Марик чуть поморщился.
– Перестань, Никита, ты говоришь жестокие и несправедливые вещи…
– А ты их делаешь! – оборвал Никита. – Что хуже?!
Марик немного помолчал, задумчиво разглядывая вино в бокале.
– Знаешь, я могу все объяснить… Действительно могу. Но сейчас мне, честно говоря, очень неохота…
– Не ебет. Придется.
Марик поднял глаза, Никита крутанулся на стуле. Витек и Шон стояли рядом у лестницы.
– Причем прямо сейчас и без жидовской брехни. Понял меня?
В глазах Витька застыла холодная спокойная ярость. Шон казалась неживой – не девушка, а тряпичное чучело ведьмы.
– Зови Харалдая, – приказал ей Витек, но, не дождавшись реакции, сам громко закричал: – Харалдай!.. Харалдай!..
– Тута я, – тихий голос шамана прозвучал совсем рядом. Он вышел из темноты за стеной кухни. – Давно вже. Водою занимався…
– Ну все, обложили… – шутливо отреагировал Марик. – Сдаюсь…
– Не зубоскаль, Циммер, – процедил сквозь зубы Витек. – Не доводи до греха…
Марик перестал улыбаться, но выглядел при этом не испуганным, а непривычно грустным.
– Только пожалуйста, антисемит Витя, не бросайся на меня, ладно? Я и так уже сегодня дрался – вон Никита видел. А это так отвратительно… Не будешь?
– Посмотрим по ситуации, – жестко ответил Витек и, подойдя ближе к столу, кивнул в сторону Никиты: – Он правду сказал? Хотя что я спрашиваю? Ясное дело, правду… Ну и что теперь прикажешь с тобой сделать?
"А ведь он убьет его, – со странным спокойствием понял Никита. – Вот прямо сейчас возьмет и убьет…"
– Витя, не психуй. Пожалуйста… – тихо попросил он.

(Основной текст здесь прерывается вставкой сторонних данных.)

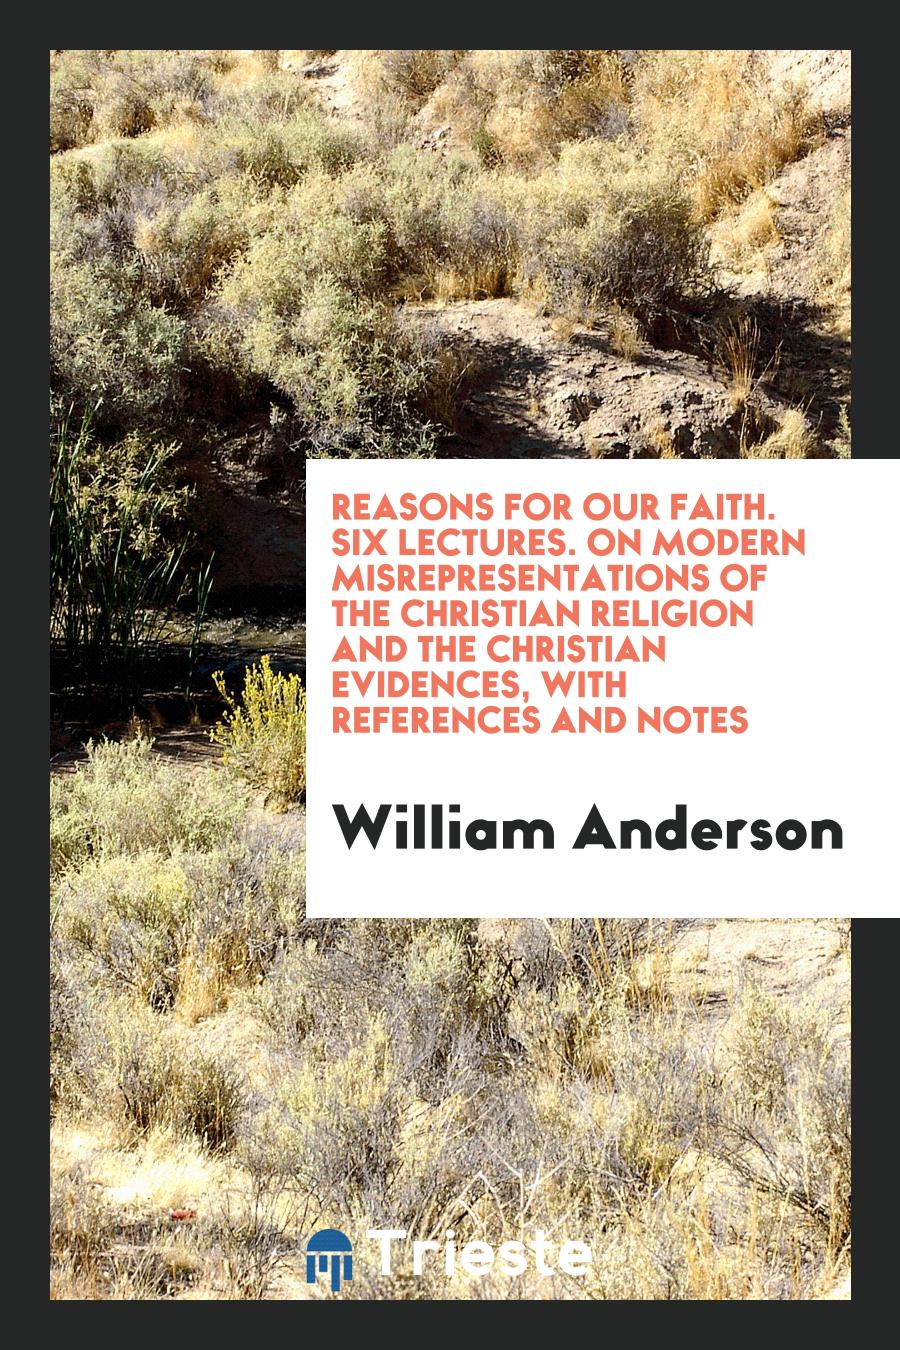 Reasons for Our Faith. Six Lectures. On Modern Misrepresentations of the Christian Religion and the Christian Evidences, with References and Notes

– Я про то же самое хотив сказать, – негромко согласился шаман, присевший на табурет в темном углу. – Давайте по-мирному… Як люди…
Шон за все время не пошевелилась и не издала ни звука, из-за чего казалось, что ее просто нет.
– А я спокойный, – очень нехорошим тоном ответил Витек. – Давно таким спокойным не был… Мы с вами, дурачье, все гадали – что да почему, да? Вот сейчас все и узнаем… Узнаем, узнаем, Циммершлюз, не сомневайся. Даже если мне придется из тебя кишки выпустить…
– Как ты отвратительно выражаешься… – поморщился Марик и с видимым сожалением поставил недопитый бокал на стол. – Ужас…
– Ужас будет, когда я не говорить, а действовать начну!! Понял, ты, жидяра?!! – очень страшно заорал Витек.
Марик устало потер ладонью покрытое вечерней щетиной лицо.
– Ну что я тебе смогу объяснить в таком состоянии, сам подумай… Да и вообще, все вы какие-то напряженные… Сядьте-ка за стол, выпьем вина, все спокойно обсудим…
Движение за спиной Никита почувствовал на миг раньше, чем все остальные. Но сделать ничего все равно не успел. Вдруг ожившая Шон уверенным жестом кухарки вынула из деревянной подставки самый большой нож и, шагнув к Марику, с утробным всхлипом рубанула его сверху вниз, целясь прямо по центру головы.
То, что началось дальше, было сном. Во всяком случае, психика Никиты отказывалась осознавать, что это происходит на самом деле. Да и застывший с открытым ртом Витек явно чувствовал что-то похожее.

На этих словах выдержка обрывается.